A system for generating stereo-channel audio signals with surround information is disclosed. The system includes a surround mapping unit configured to receive signals from a number of audio channels and generate a pair of stereo-channel audio signals based on the audio channels. The pair of stereo-channel audio signals includes binaural and spatial information. The system also includes a stereo-channel encoder configured to receive and encode the pair of stereo-channel audio signals from the surround mapping unit thereby generating a pair of encoded stereo-channel audio signals. The system further includes a stereo-channel decoder configured to receive and decode the pair of encoded stereo-channel audio signals thereby obtaining the pair of stereo-channel audio signals. The pair of stereo-channel audio signals are capable of being used to generate surround effect.

Description

BACKGROUND
1. Field
The present invention generally relates to digital signal processing and, more specifically, to a method and system for providing stereo-channel based multi-channel audio coding.
2. Background
Multi-channel audio transmission techniques are increasingly used in modern multi-media and communication systems. However, delivering multi-channel audio contents in mobile multi-media systems, such as, handheld devices in an efficient manner remains difficult. This is because multi-channel coding systems require a much higher bit rate and are more complex than stereo-channel or mono-channel systems. To handle this problem, a spatial audio coding method has recently been proposed by ISO/MPEG. This coding method can deliver a low bit presentation of multi-channel signals by transmitting a downmix signal along with some compact surround information, such as, binaural cues and spatial information, which describes the most salient properties of the multi-channel signals. Furthermore, the spatial audio coding method produces signals that are backward compatible with existing transmission systems.
FIG. 1 is a simplified schematic diagram illustrating a spatial surround coding system 10 recently developed by ISO/MPEG. The surround coding system 10 includes an encoder side 12 and a decoder side 14. The encoder side 12 further includes a downmix operation unit 16, a stereo-channel encoder 18 and a side information processing unit 20. The decoder side 14 further includes a stereo-channel decoder 22 and a surround synthesis processing unit 24.
The downmix operation unit 12 accomplishes the linear mapping from N-channel signals to stereo-channel with a 2×N coefficient matrix. After this mapping, the stereo-channel signals can be coded by the stereo-channel encoder 18, such as, an AAC encoder or MP3 encoder.
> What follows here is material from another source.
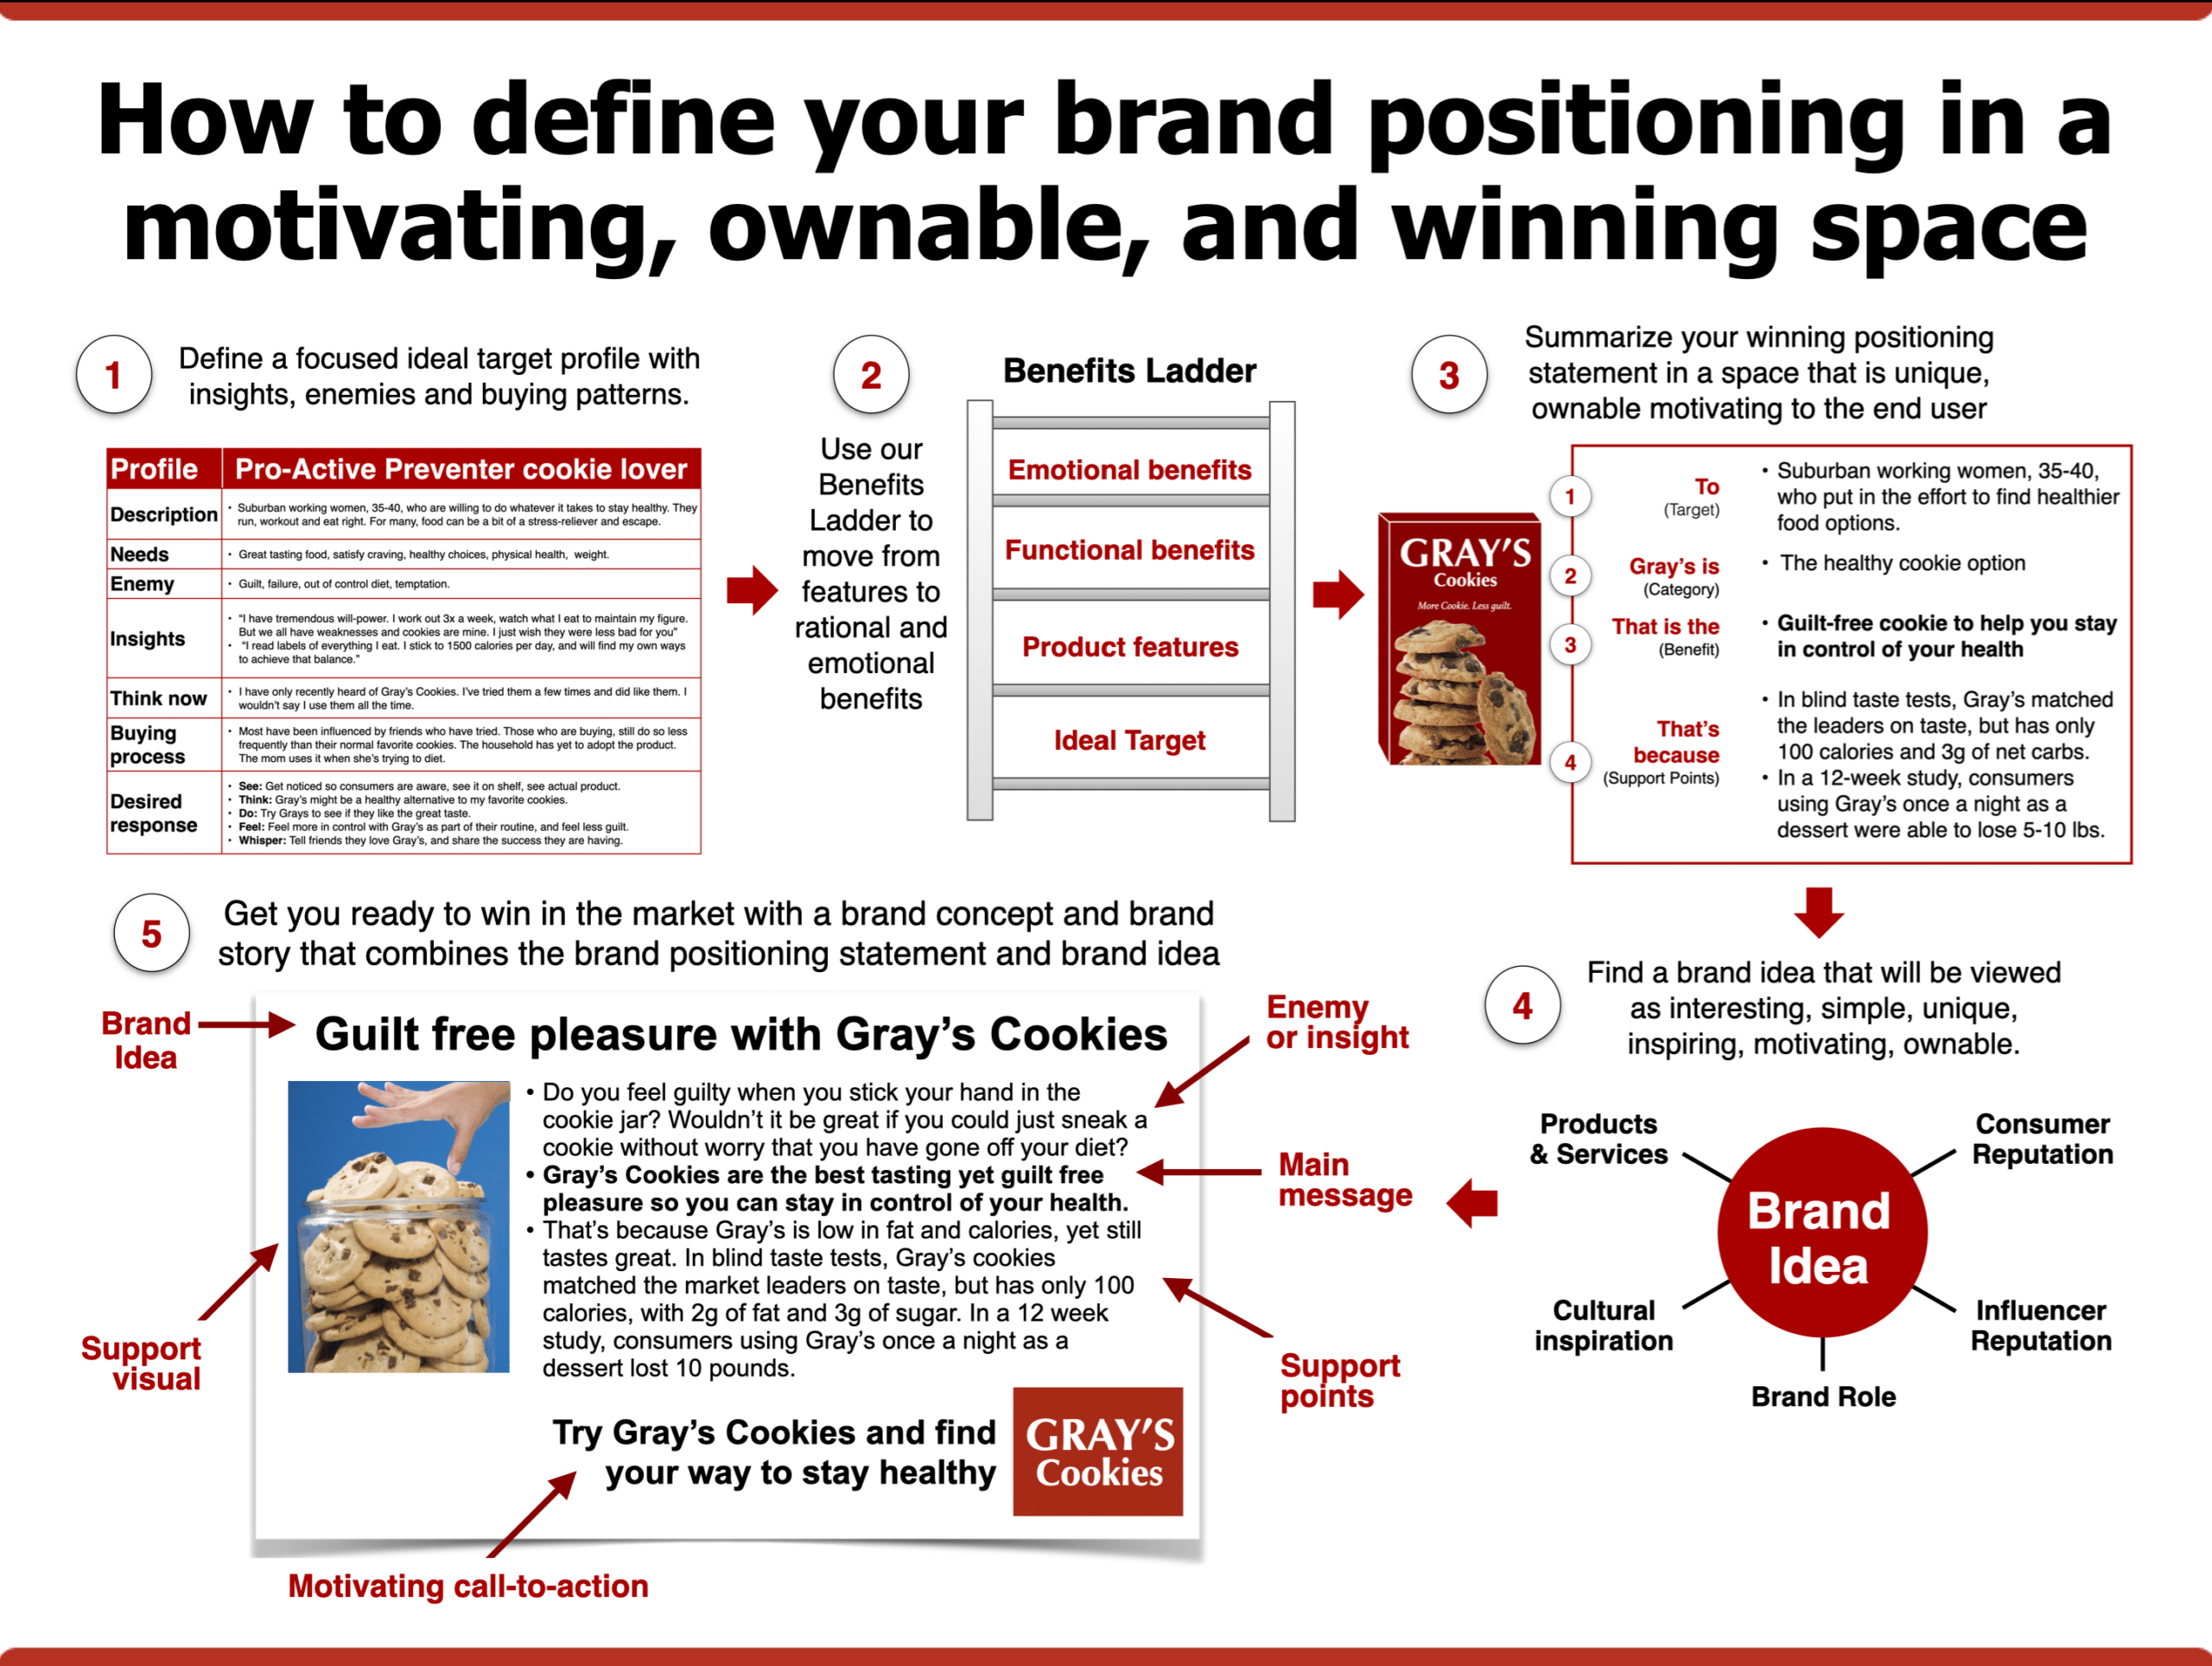 How to define your brand positioning

The stereo-channel encoder 18 then generates data that is in stereo-compressed (two-channel) format. The side information processing unit 20 extracts and codes side information including the most important binaural cues and sound spatial information, such as, inter-channel level difference (ICLD), inter-channel time difference (ICTD) and inter-channel coherence (ICC) among these N channels. Side information can be represented and transmitted with a rate of only a few kb/s. As a result, the total data that will be transmitted to the decoder side 14 includes data in stereo-compressed format and the side information.
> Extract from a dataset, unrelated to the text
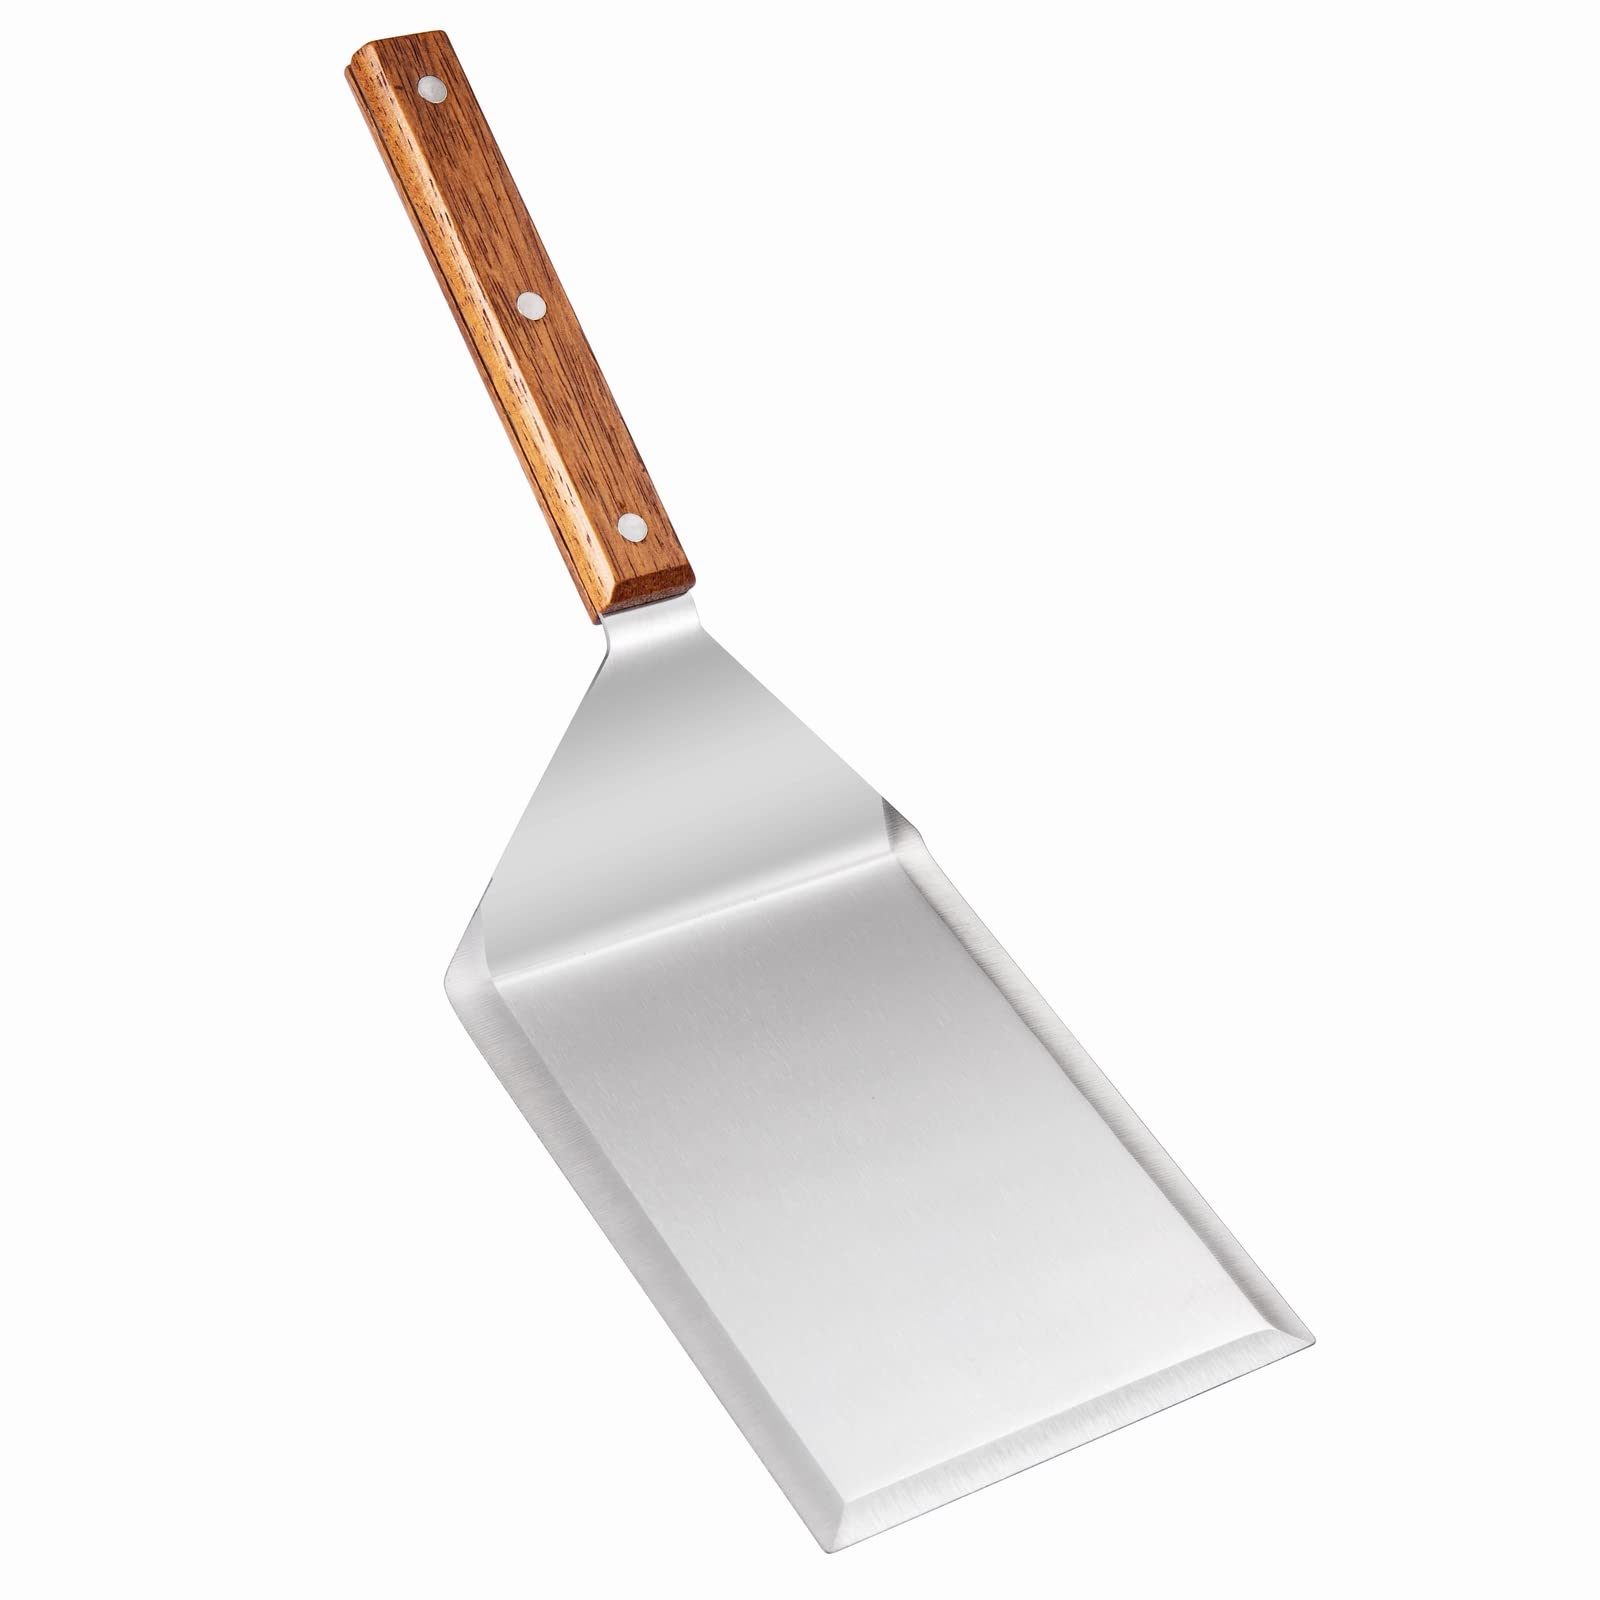 Homi Styles Extra Wide Spatula with Beveled Edges, Oversized Stainless –  Homistyles

On the decoder side 14, the stereo-channel decoder 22 first decodes the stereo-compressed data. The decoded or decompressed data is forwarded to the surround synthesis processing unit 24. The surround synthesis processing unit 24 then uses signal synthesis (inverse processing corresponding to the extraction part on the encoder side 12) to combine the side information (such as, ICTD, ICLD and ICC) with the decompressed data to derive the N-channel signals for playback.
For the headphone or the case where there are only two speakers on the playback side, two options are available on the decoder side 14 to handle the stereo-channel signals. One option is that the stereo-channel decoder 22 directly outputs the stereo-channel signals, x^_l(n) and x^ r(n), to the headphone or two speakers. Such direct output, however, will not produce any significant surround effect since binaural and spatial information are not included in these stereo-channel signals. The other option, as shown in FIG. 2, is to use a virtual surround mapping unit 26 to map the synthesized N-channel signals to two channels, s^_l(n) and s^_r(n). This can deliver multi-channel surround effect for the headphone or the listeners in the sweet-spot of two speakers. By using the virtual surround mapping unit 26, however, additional processing resources are needed on the decoder side 14.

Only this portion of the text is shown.